WHAT IS NEEDED:
Only the lines from the one containing "After The Waves" through the last line of the material should be copied, exactly as written and without pictures.

[RAW DATA — start]

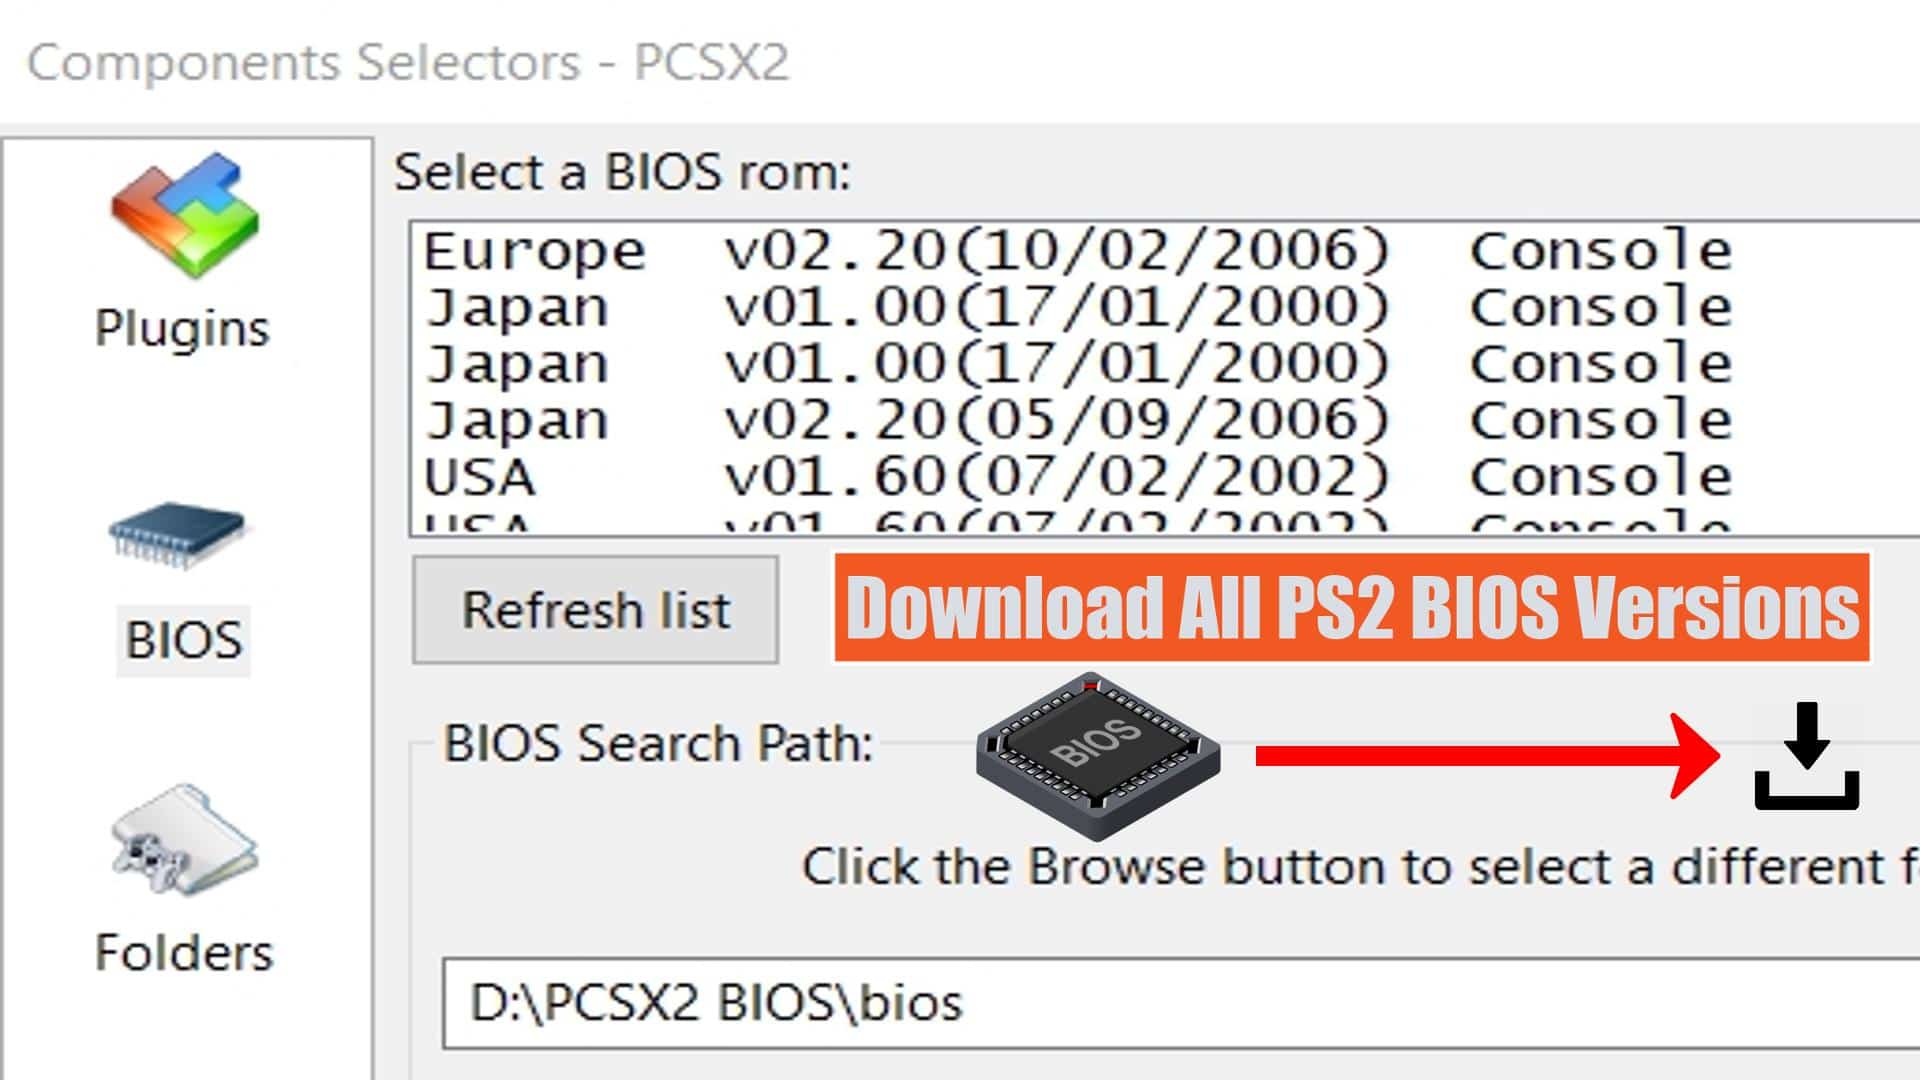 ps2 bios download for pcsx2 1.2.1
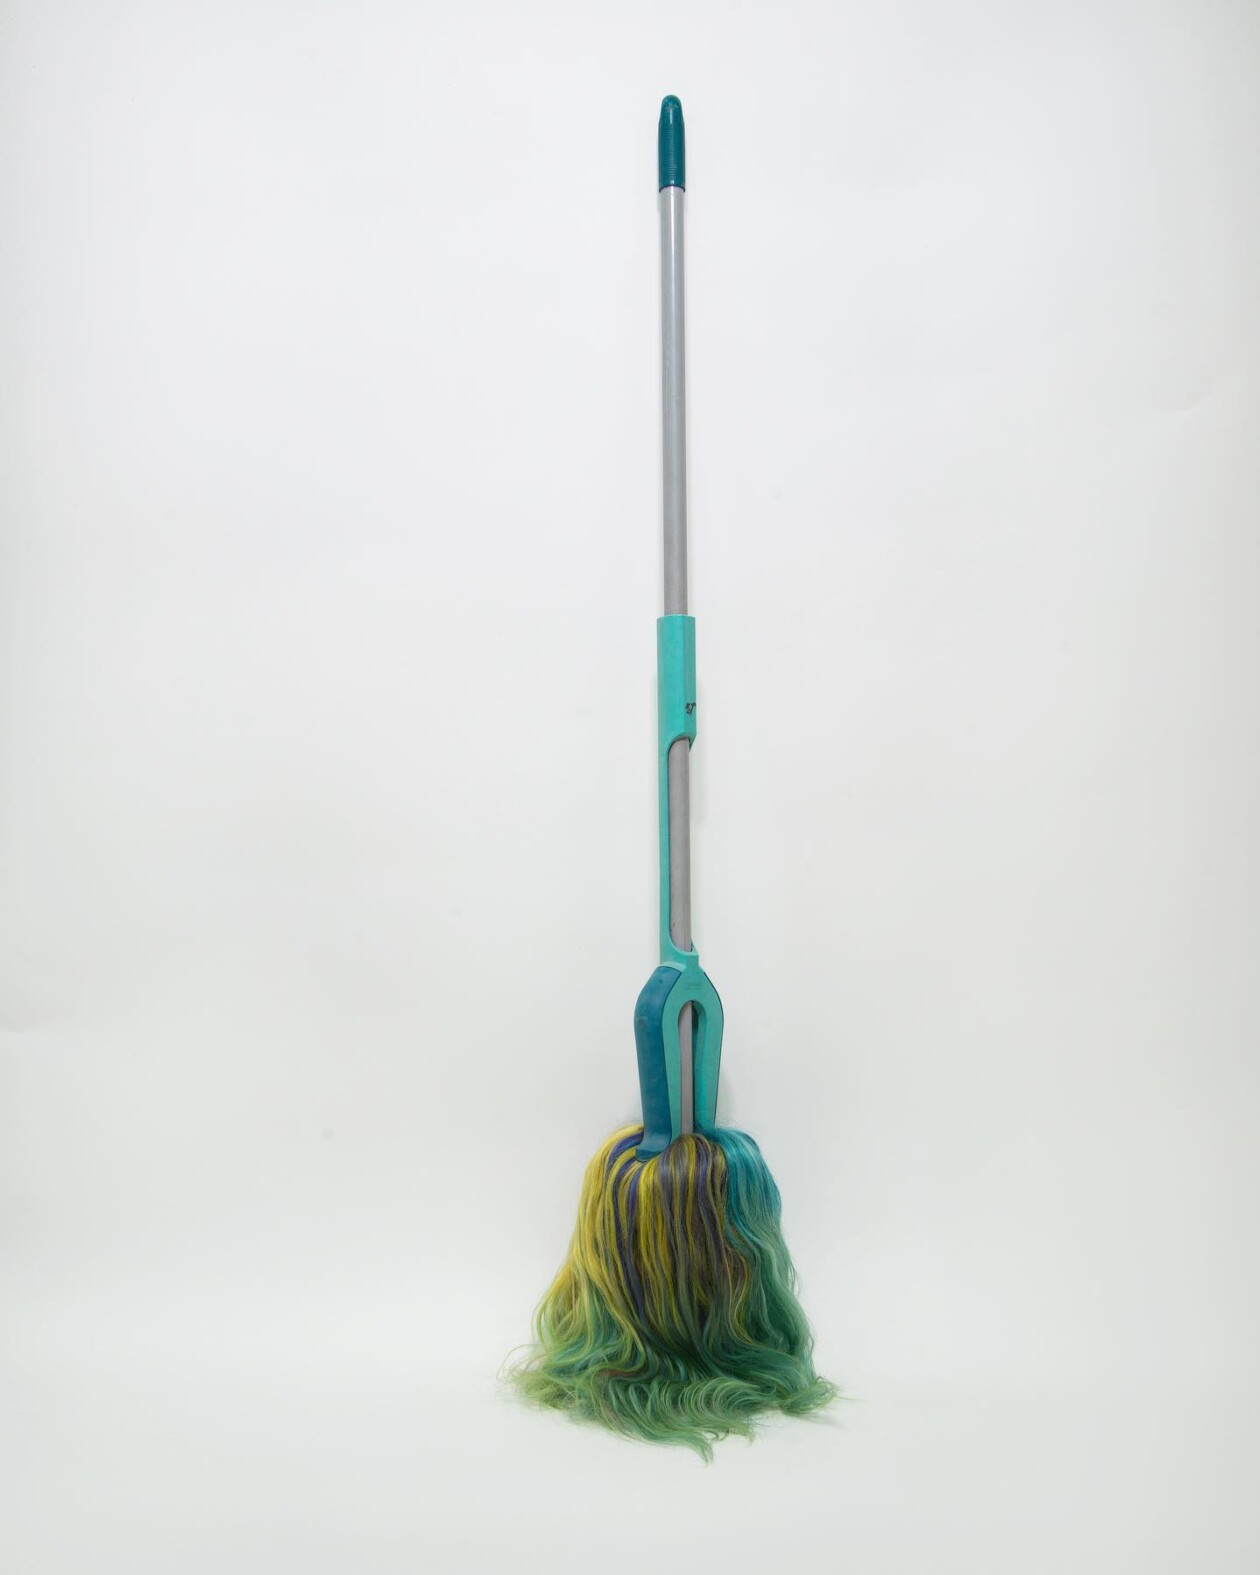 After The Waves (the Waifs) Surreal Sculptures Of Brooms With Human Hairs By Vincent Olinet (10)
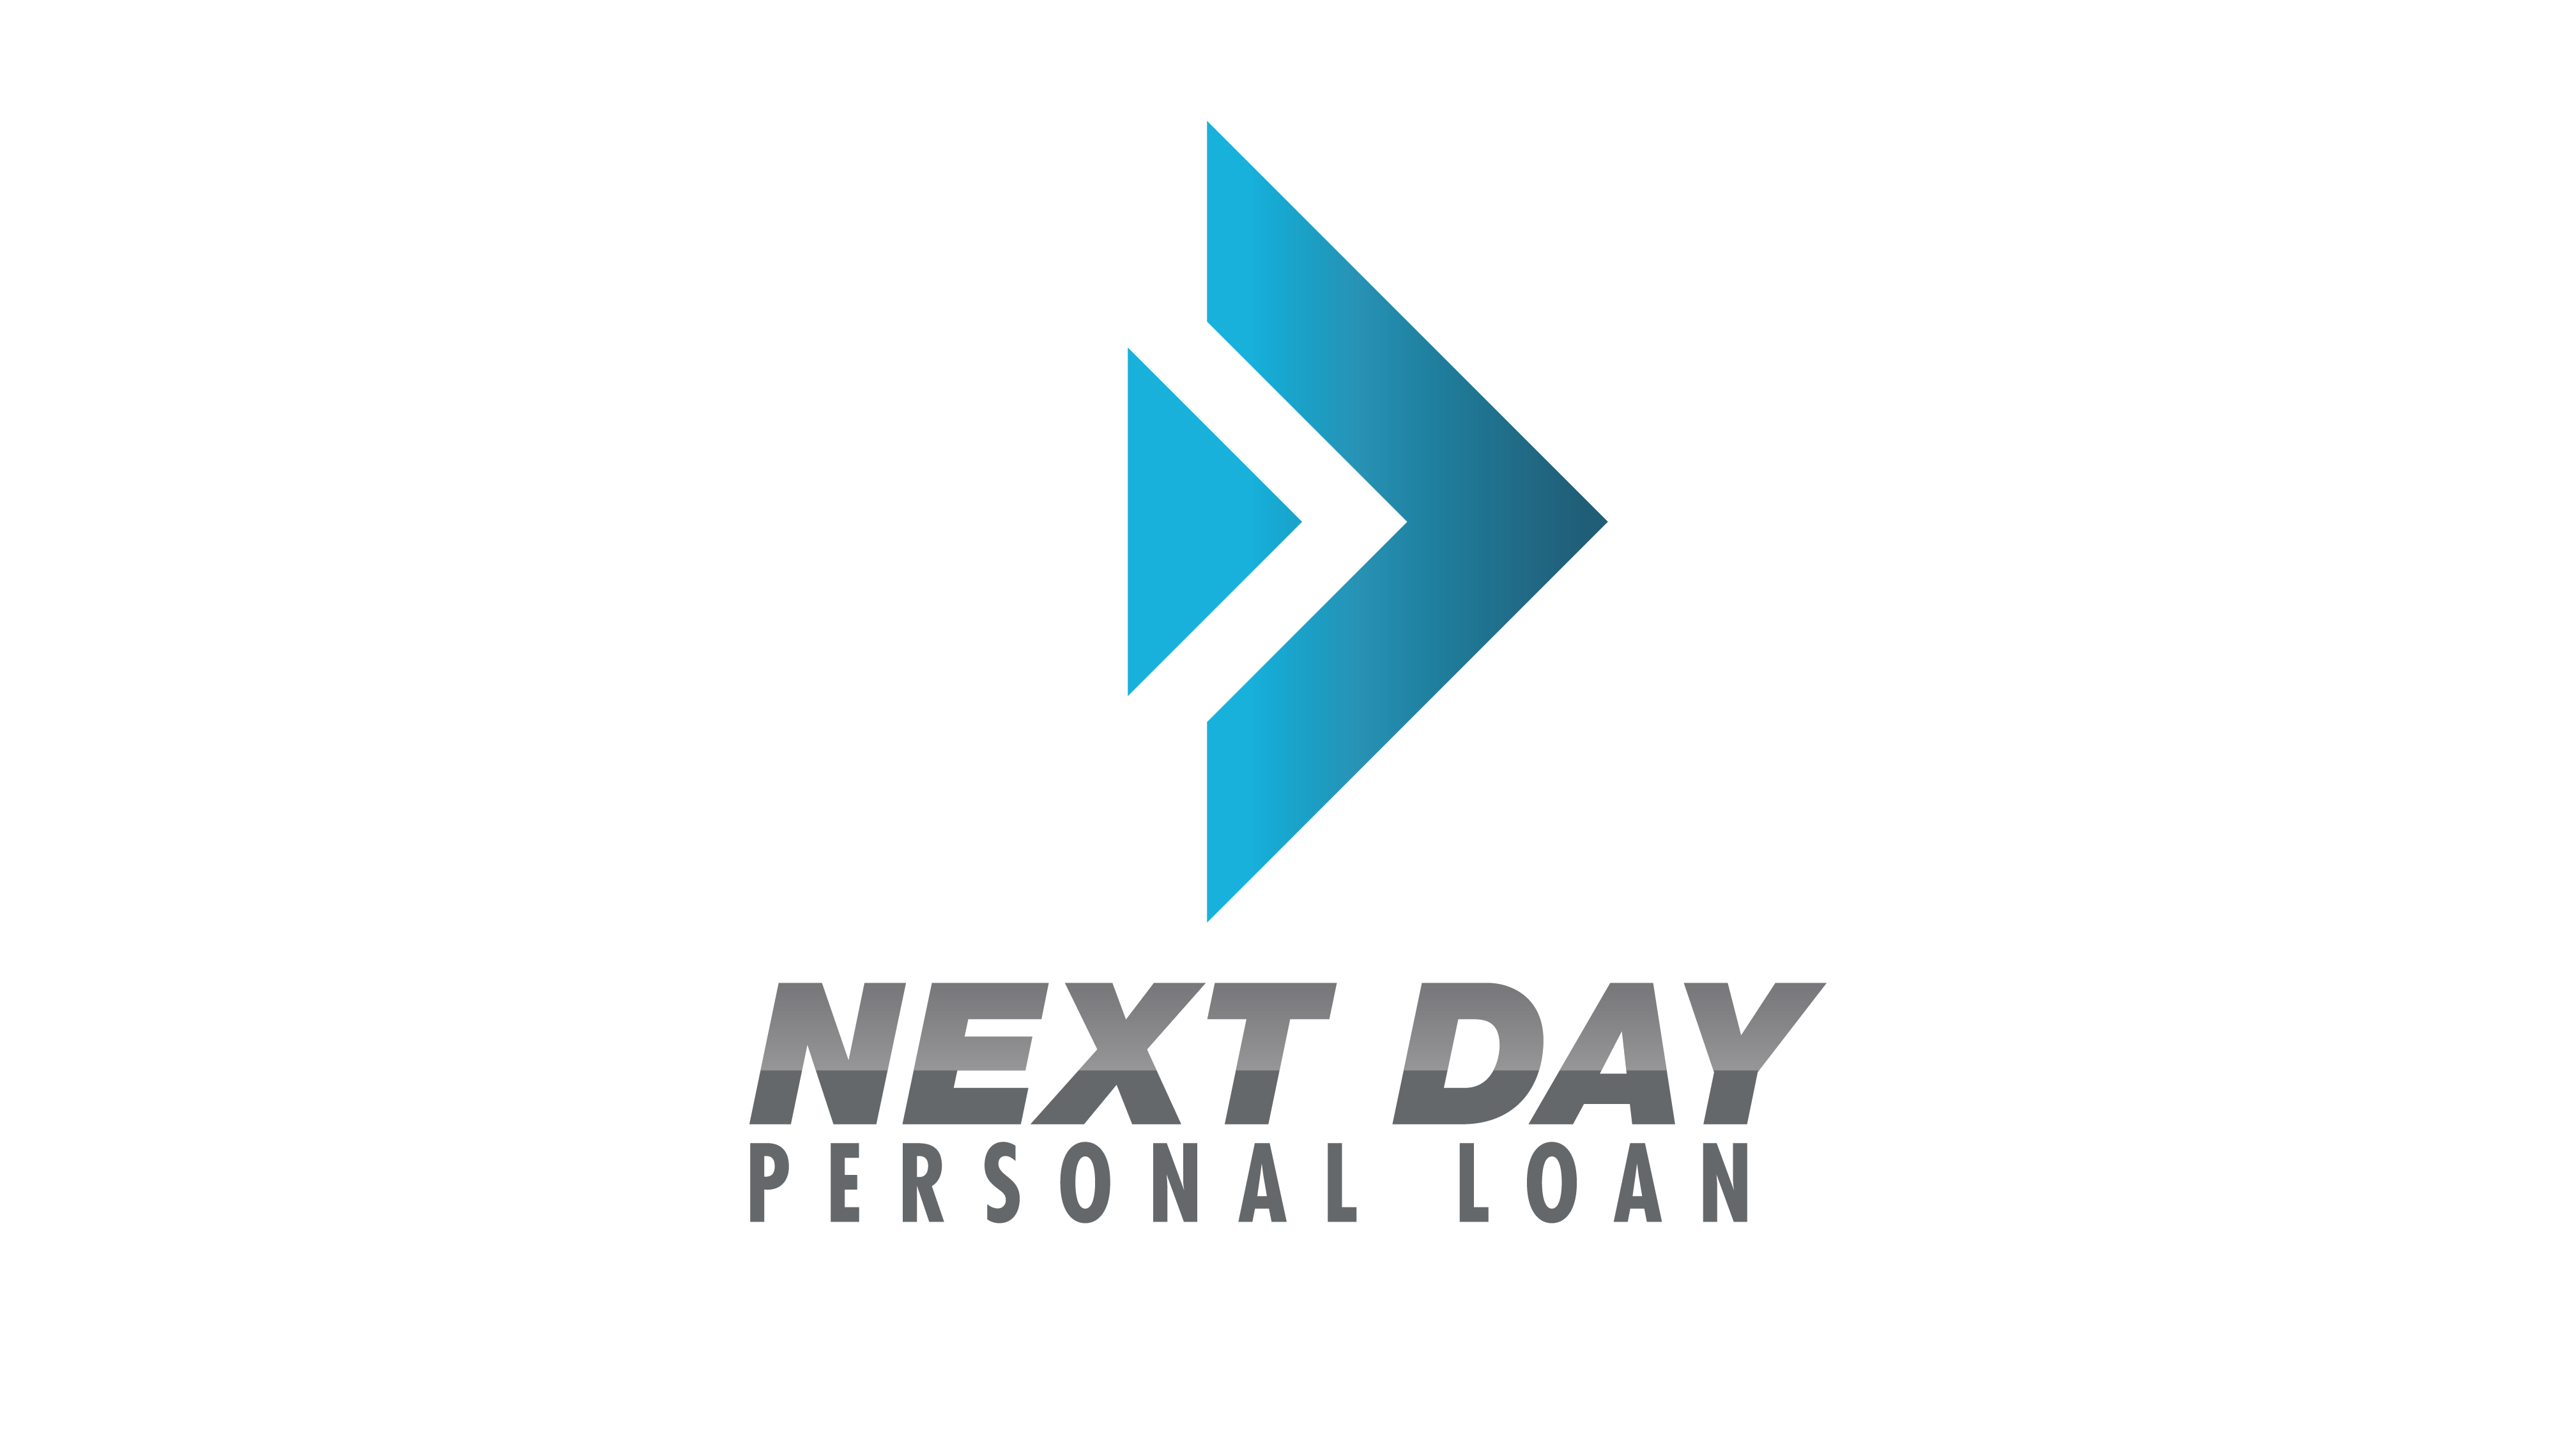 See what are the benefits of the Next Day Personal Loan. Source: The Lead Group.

[RAW DATA — finish]

OUTPUT:
 After The Waves (the Waifs) Surreal Sculptures Of Brooms With Human Hairs By Vincent Olinet (10)
 See what are the benefits of the Next Day Personal Loan. Source: The Lead Group.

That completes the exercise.